Meet Mo Al-Ubaydli, CEO of Patients Know Best (PKB). PKB is a social enterprise and technology platform, designed to bring together patient data from health and social care providers and the patient’s own data, into one secure personal health record. Read what Mo has to say about building clinician trust, the role that AHSNs have played in tackling net zero and sustainability objectives and how his own personal perspective impacted the ‘lightbulb’ moment.

Tell us about your innovation – what and why?

PKB is one record that contains all the information about your health. It travels with you wherever you go and, as the patient, you own it. This is to help the people looking after you to do so more safely and so you have all the information you need. Our customers such as hospitals and Integrated Care Systems (ICSs) release the data so that it can all be collated in one place, and the patients themselves can also add information. Doctors can also access this via their medical systems as well.

What was the ‘lightbulb’ moment?

This was in 2007 when I was writing a book about giving patients access to their records. I was coming at it from my personal perspective as someone with a rare disease. Until that point, I had thought that my doctors were trusting my knowledge of the disease because I’m a doctor myself, but when I started researching this more broadly, I realised that the doctors didn’t trust me because I had gone to medical school, they trusted me because I had gone to all of the appointments – the patient becomes the expert.

Which AHSNs are you/have you been supported by?

Two have been significant for us. Yorkshire & Humber AHSN where we are part of their Propel@YH Net Zero programme. They’ve been really good at helping us tackle net zero and sustainability objectives and green accounting. Kent Surrey Sussex (KSS) AHSN worked closely with us on a project with Surrey and Sussex Hospital Trust, which calculated that if the Trust’s 4,000 patients used PKB to monitor inflammatory bowel disease, it could save £4 million per year. This figure was based on reduction in appointments, change in medication and prevention of progression to surgery. The study ended up in the NHSX digital playbooks for mental health and gastroenterology. It was also one of the case studies featured in Matt Hancock’s speech a few years ago.

What’s been your toughest obstacle to date?

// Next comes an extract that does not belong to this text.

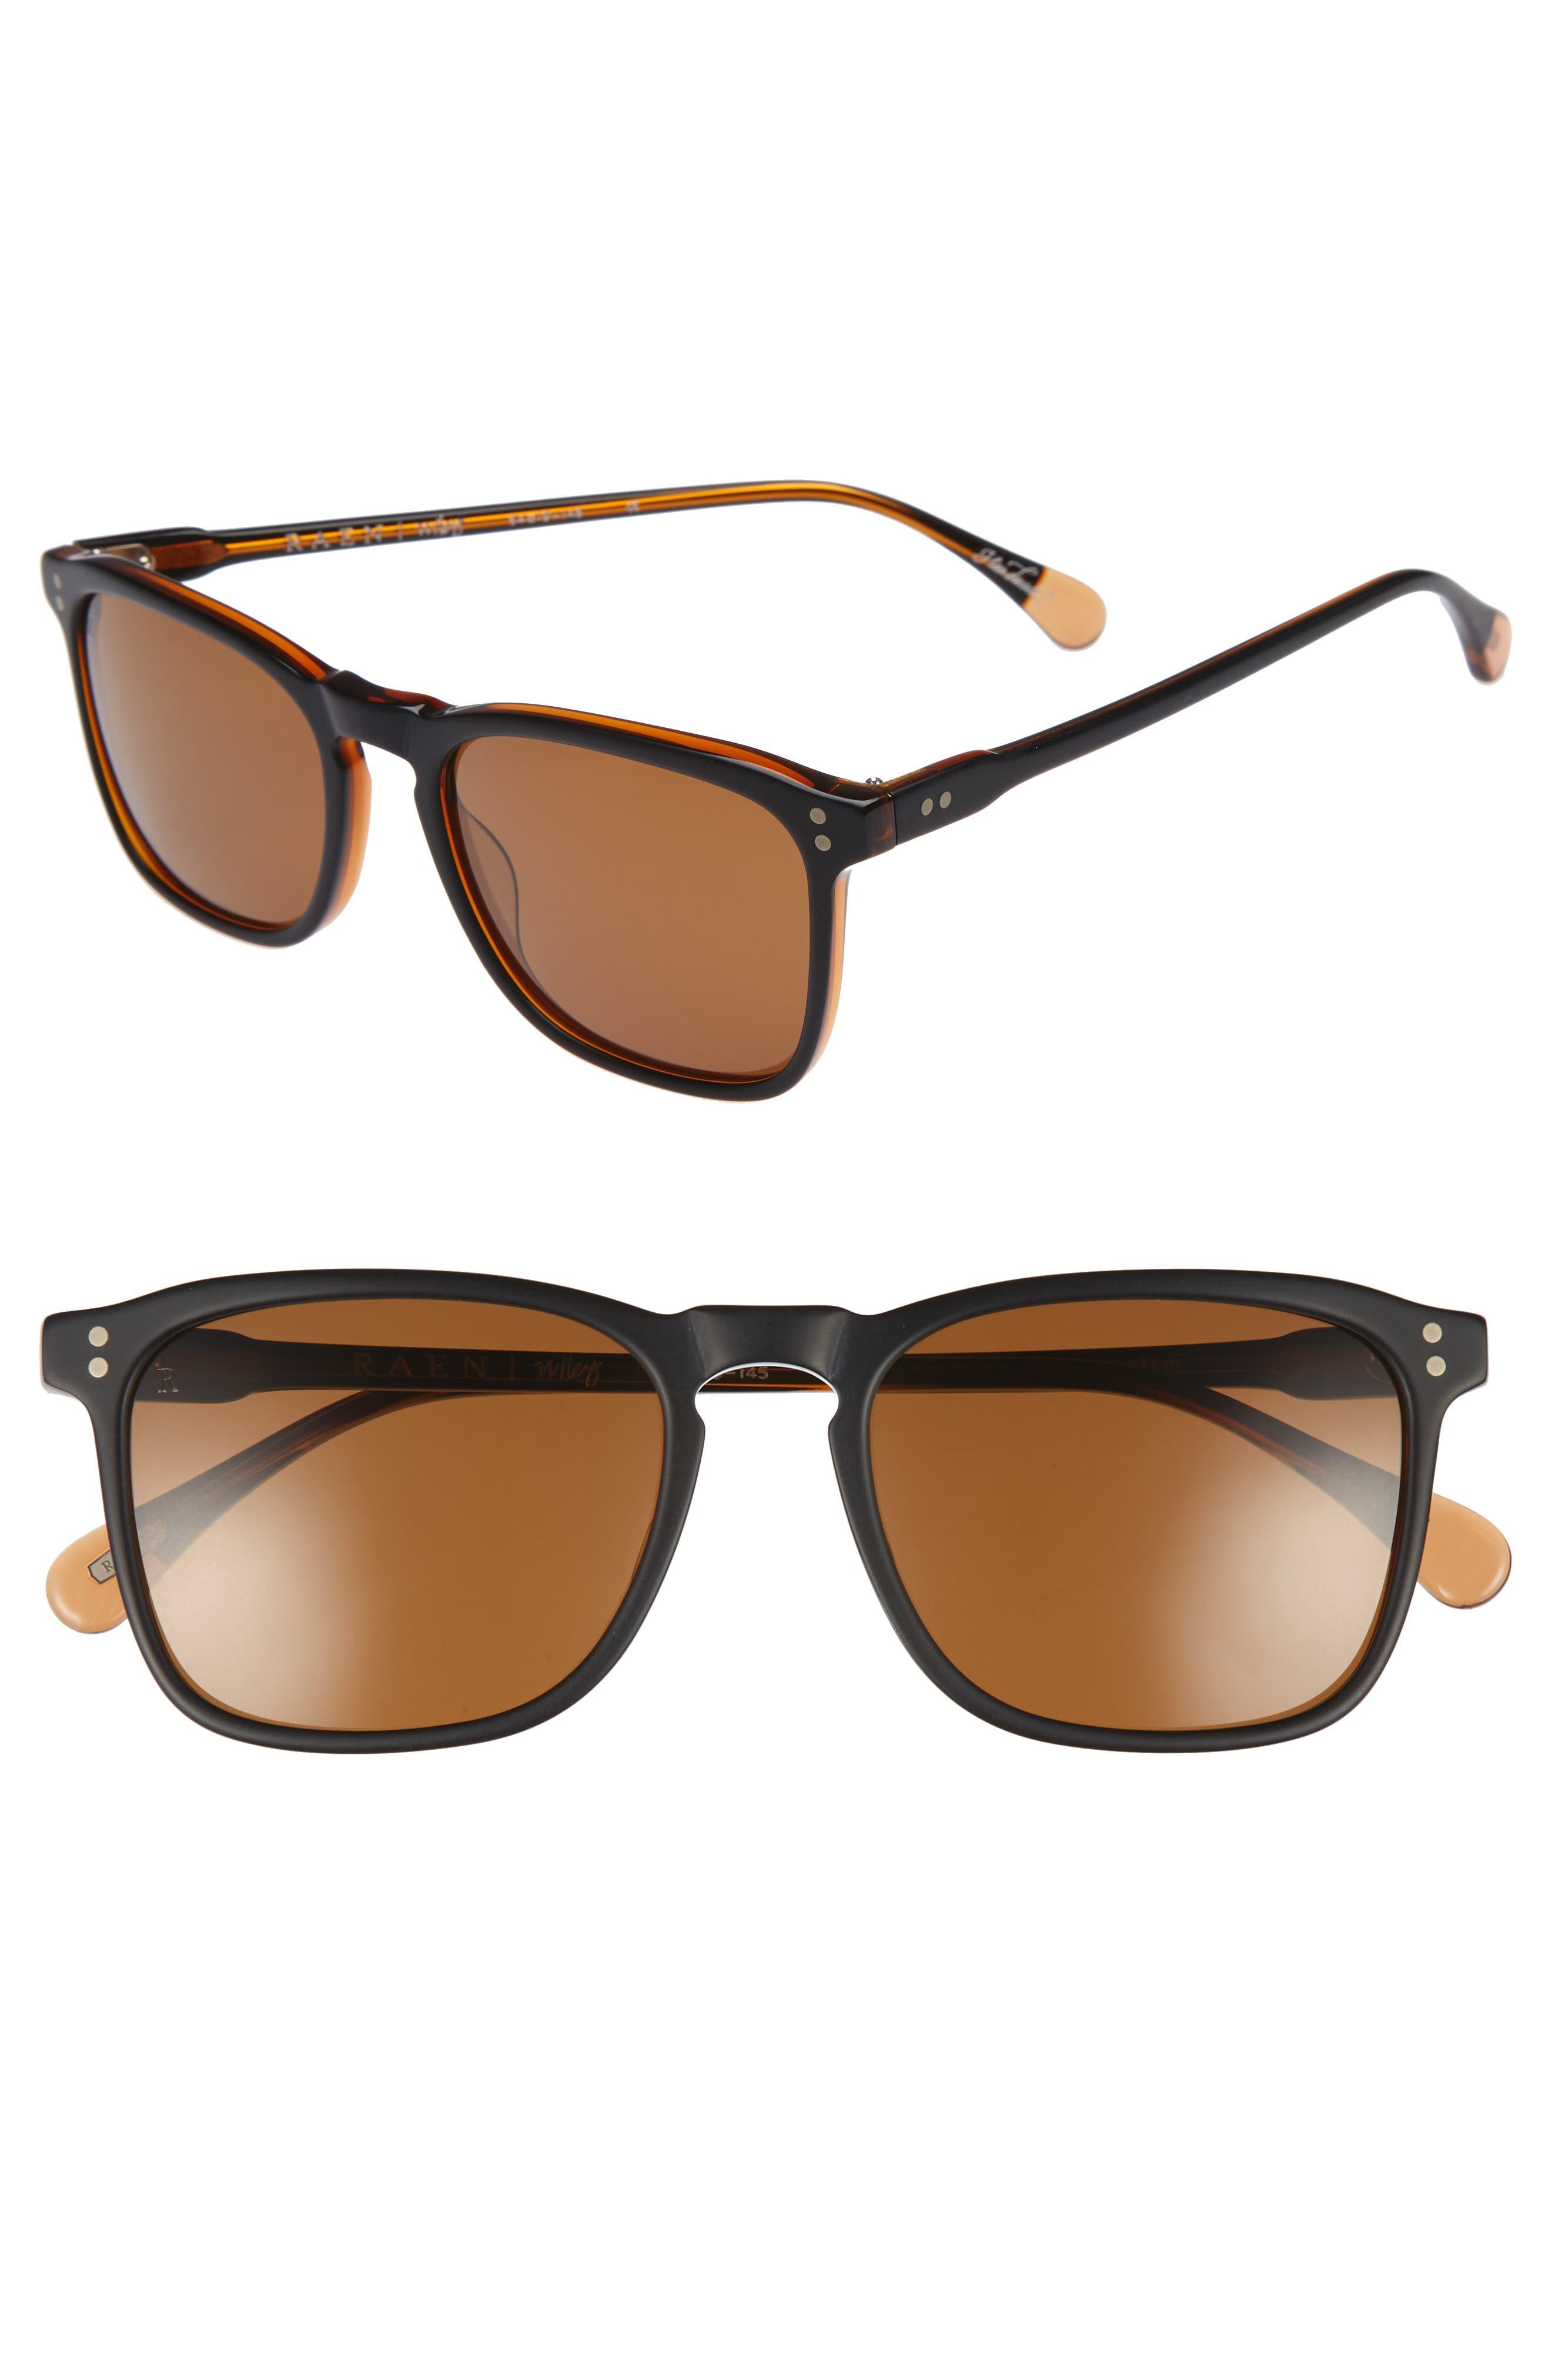 Wiley 54mm Polarized Sunglasses,                         Main,                         color, 004

It was convincing people to start. Initially people thought it was a technology problem, so America was the place to solve it, but it’s not. It’s a trust problem regarding patients and data, that’s what we had to overcome, and the UK’s NHS was the place to overcome it. The clinicians who did try it out often went against their colleagues who were worried about the risk of failure.

My tactic was to approach potential customers in a more general way, by asking if I could present my research. They would then introduce me to colleagues who may be interested in the research, then I could talk about the solution. Those clinician-to-clinician introductions were very powerful.

What are your hopes for the future?

We started off targeting the 1% of the population with rare diseases. Then additionally we were looking at supporting 20% of the population with long term conditions, but we really want 100% of the population, to help people stay well. If you could compare your GP data with your supermarket food data and your gym data, what could you learn and do to prevent disease?

We are also working internationally to help other countries deliver this to their citizens.

What’s the best part of your job?

It’s always been the people I get to work with. In the early days I often ended up with the most hard working and clever clinicians who, because they are dealing with patients with conditions that are so complex, were more likely to contemplate using PKB. I was told that younger doctors will go for this, not the older ones, but I have found that older doctors have been more receptive. I eventually realised that this is because the more you know, the more comfortable you are with other people knowing it, you don’t feel threatened by it.

Three pieces of advice for budding innovators?

  1. Plan your cash flow for very long decision cycles in healthcare.
  2. People don’t intuitively understand how innovation happens. The first product to be used, or the first department to go live is always really messy. It’s very difficult to find people that are willing to get involved at that stage.
  3. Listen to podcasts to learn and be inspired.